College students may have to pass a test or class with questions similar to United States Citizenship and Immigration test in order to graduate.

The Missouri Higher Education Civics Achievement Initiative is composed of 50-100 questions relating to the United States Government, Missouri history and American history. This bill, known as House Bill 1528, has been proposed by Republican House Representative Dean Dohrman as an extension of the Civics Education Initiative, a civics test given in high school.

“The statute itself is rather broad in the way it’s written and the department of higher education has an agreement as to what that will entail to meet that requirement. This just puts a little bit better framework around it. It’s not really a new requirement. It’s just a more clear cut requirement for the future,” Dohrman said.

Students would have to prove they are “proficient” in these areas to pass the class in order to produce more informed citizens in the future, according to Dohrman.

“It never hurts to have more study in a subject. I hope to produce more and better citizens in the future,” Dohrman said. “It’s not that we are doing a bad job [educating students], it’s just that there is always room for improvement. The more we know hopefully the more we will be engaged in our government whether it’s the presidential election or local city council or a bond issue for school.”

Department Chairperson of Political Science and professor at Missouri Western Edwin Taylor agrees more citizens should be involved in government and be informed, but doesn’t think this is the way to do it.

“I think it’s redundant because we teach American Government and American History, which is basically what is covered on those quizzes. So I think it is an extra requirement that students shouldn’t have to do because you’re going to have to pass American government and American history anyway at some point,” Taylor said.

Libbey O’Gorman is a student on campus.

“Why? It seems really necessary,” O’Gorman said. “We’ve already been in school so many years of our lives and to have to take another thing just to get out of it. It seems like a scam to get more of our money honestly.”

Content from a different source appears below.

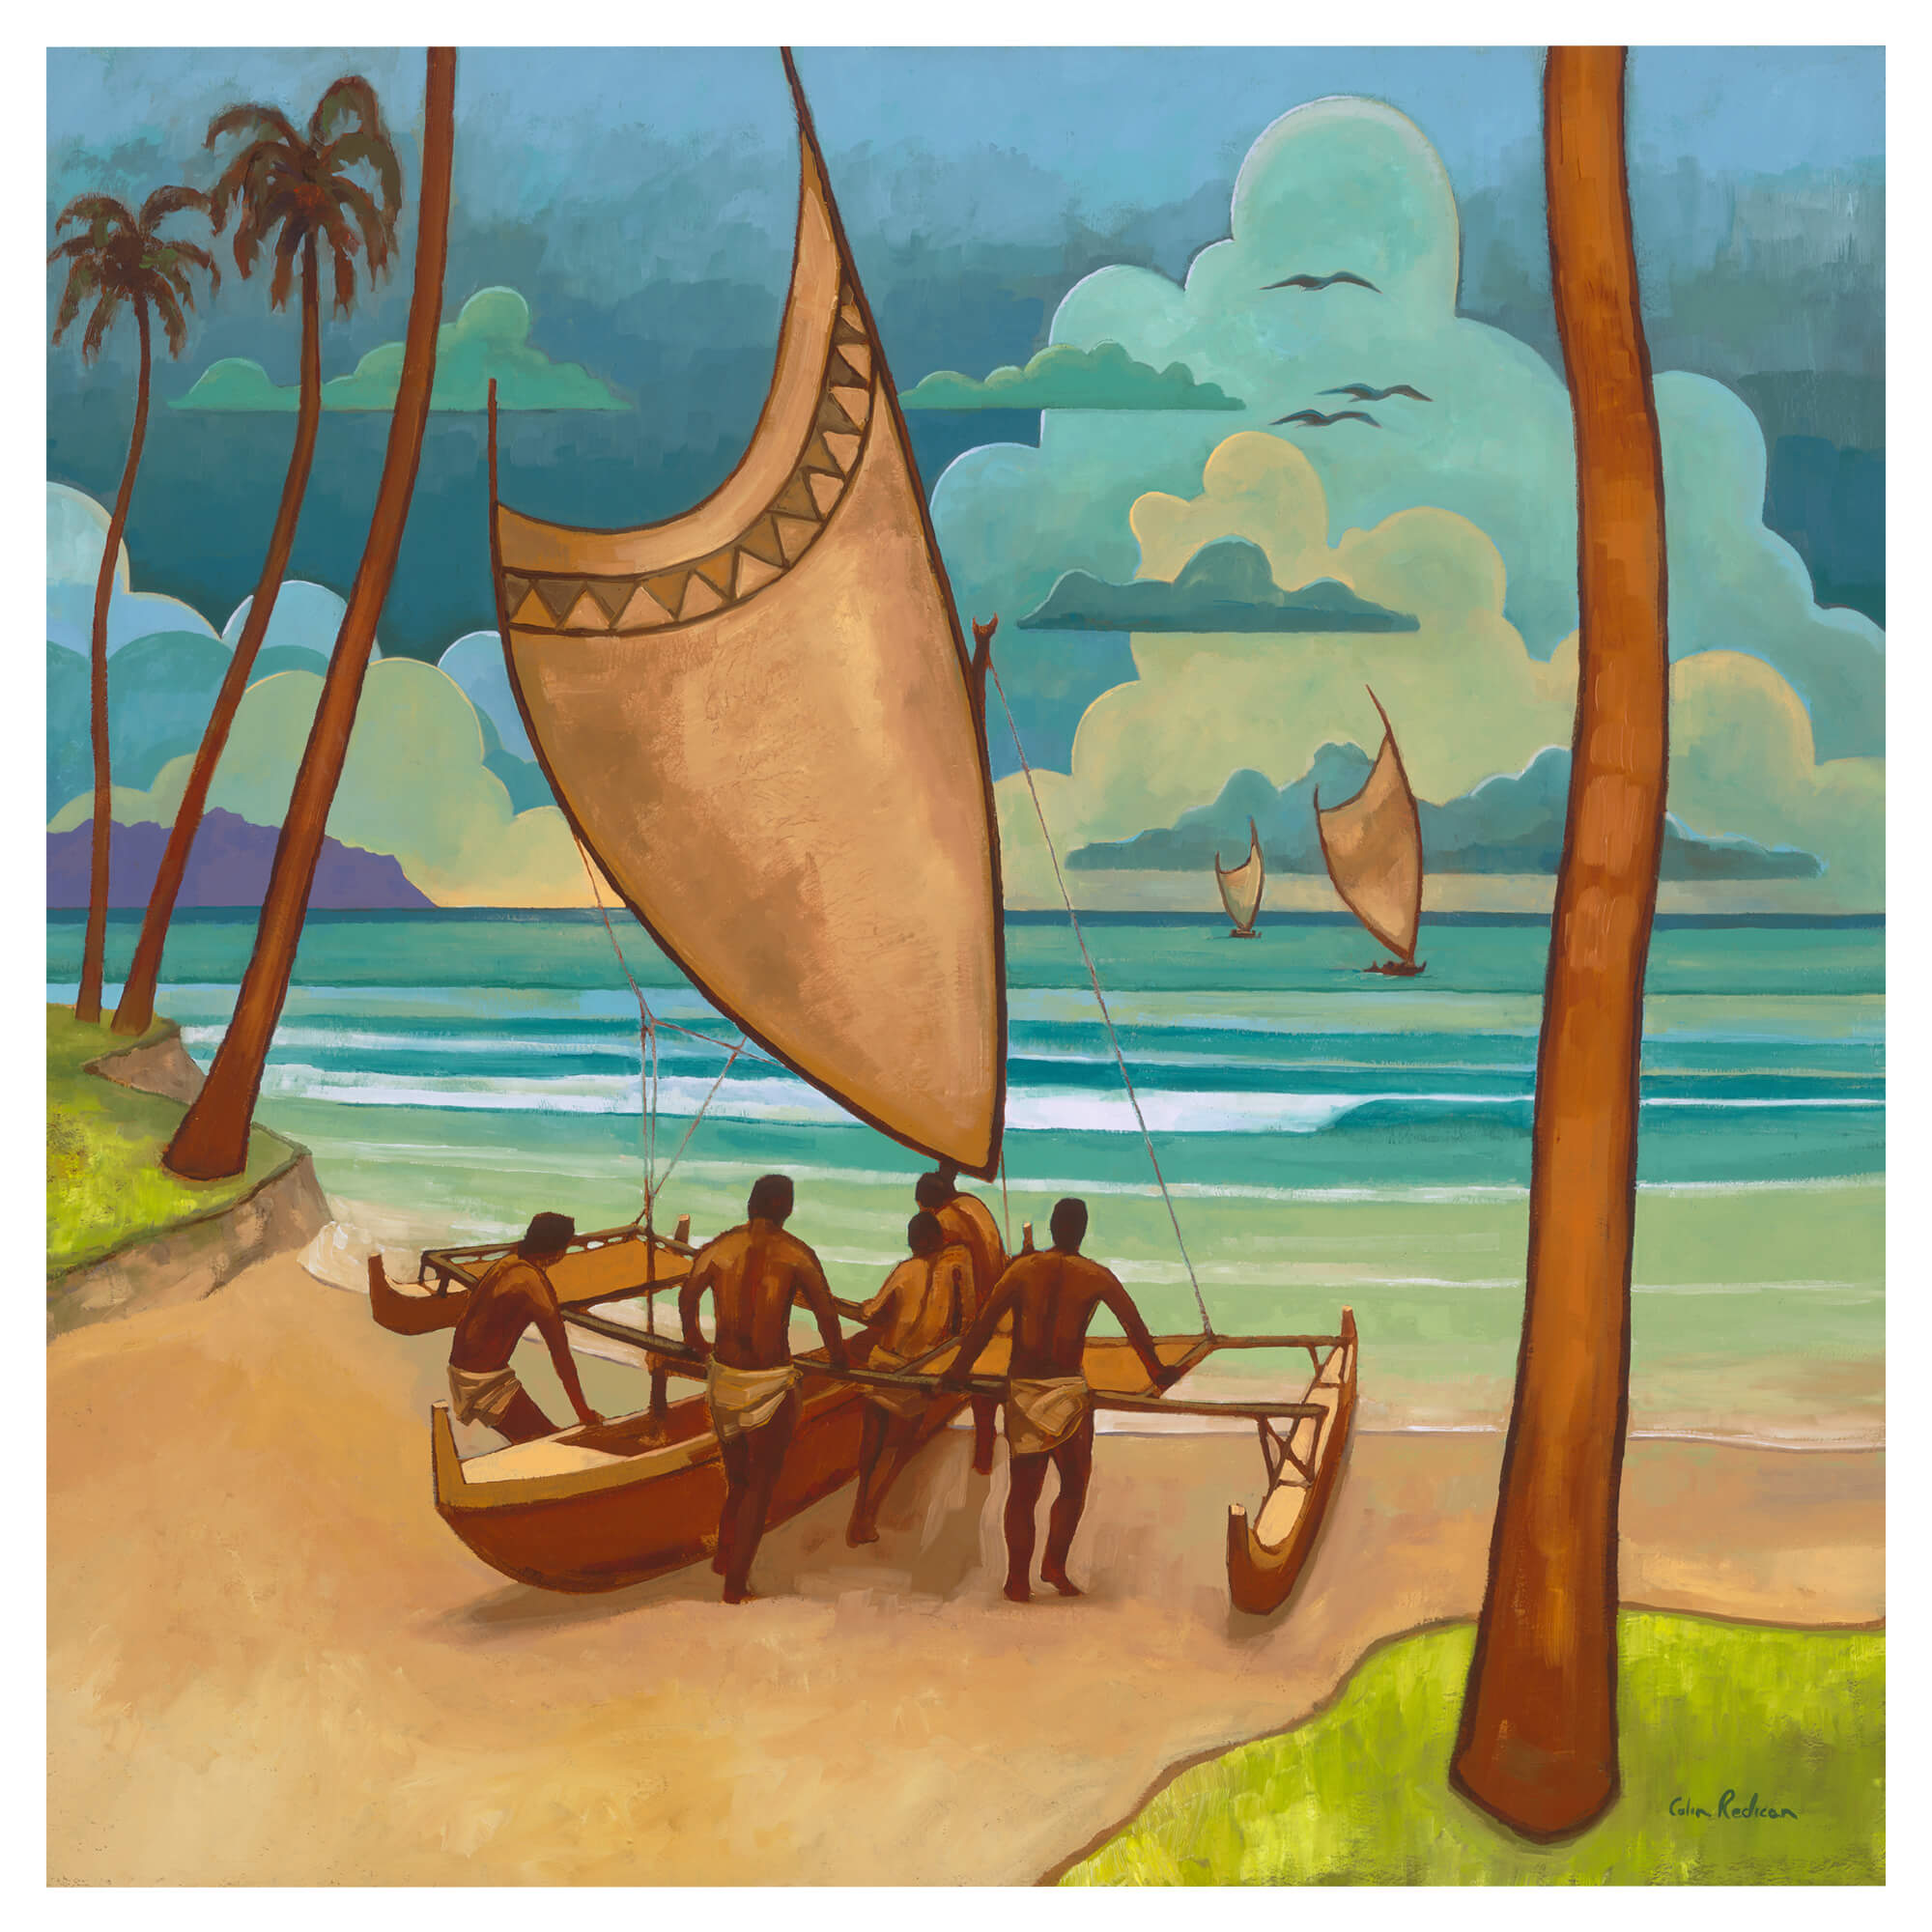 Men getting ready to sail by Hawaii artist Colin Redican

According to a phone study conducted by the Annenberg Public Policy Center of the University of Pennsylvania of over a thousand, 26 percent of people surveyed could name all three branches of United State Government. Dohrman said hopefully this bill will change this.

“I’m not blaming anyone. I just think if we can get a better understanding of what’s going on, that you can be involved in your government. That you can make a difference, then people will be more likely to vote,” Dohrman said.

House Bill 1528 formally stated it would require students to pass by 70 percent but a house committee substitute adding a new section to the bill to require students to pass with proficiency instead and allowing online testing as an option for some students.